Il nuovo Application Protection Report di F5 Networks mostra quali siano le tecniche più utilizzate e gli obiettivi primari degli attacchi, anche nel nostro Paese

Proteggere le applicazioni è sempre stato un compito fondamentale per la sicurezza e continuerà ad esserlo in futuro. Come l’ecosistema della barriera corallina, che brulica di una varietà enorme di vita, le applicazioni web sono “creature che vivono in colonie”.

Sono costituite da una moltitudine di componenti indipendenti, in esecuzione in ambienti separati con requisiti operativi e infrastrutture di supporto differenti (sia nel cloud che on premise), connesse tra loro tramite le reti. Esistono tutta una serie di livelli interattivi – servizi applicativi, accesso alle applicazioni, transport layer services (TLS), domain name services (DNS), e la rete stessa —e ognuno è un potenziale un bersaglio da attaccare.

Quali sono le tecniche più usate e le vulnerabilità maggiormente sfruttate

Analizzando nel dettaglio le violazioni alle applicazioni abbiamo scoperto che la maggior parte ha riguardato il furto dei dati delle carte di pagamento dei clienti tramite web injection (70%), hacking di siti Web (26%) e hacking di database di app (4%).

Gli attacchi di web injection consentono a un utente malintenzionato di inserire comandi o nuovo codice direttamente in un’applicazione in esecuzione (processo noto anche come manomissione di un’app) per attivare uno schema dannoso. Negli ultimi dieci anni, il 23% delle violazioni registrate ha coinvolto attacchi con SQL injection, il tipo più subdolo di questa tipologia di attacco.

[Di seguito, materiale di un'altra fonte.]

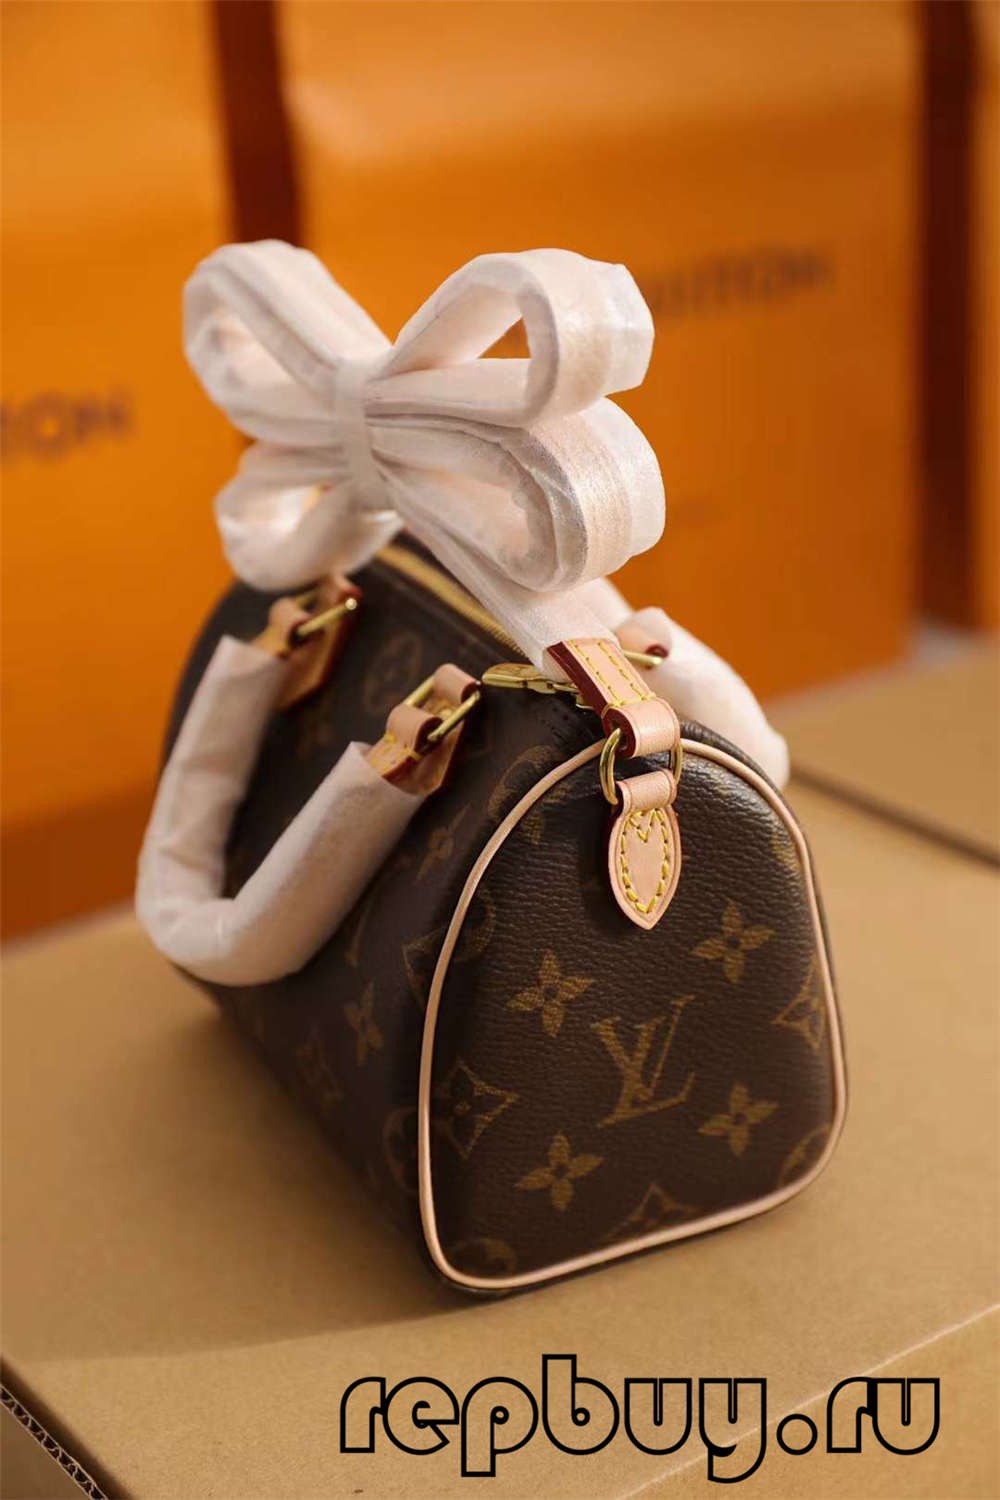 Louis Vuitton M81085 Nano Speedy 16 cm-es csúcsminőségű replika táskák (2022 legfrissebb) - A legjobb minőségű hamis Louis Vuitton táska online áruház, Replica designer bag ru

Le vulnerabilità alle injection (comprendendo le debolezze non ancora sfruttate) sono prevalenti. WhiteHat Security conferma questo dato, dichiarando che il 17% di tutte le vulnerabilità scoperte nel 2017 riguardava l’injection. Questo problema è talmente significativo che i difetti di injection sono considerati il primo rischio per le applicazioni nell’elenco OWASP Top 10 2017. Per questo motivo, è necessario dare priorità alla ricerca, all’applicazione di patch e al loro blocco.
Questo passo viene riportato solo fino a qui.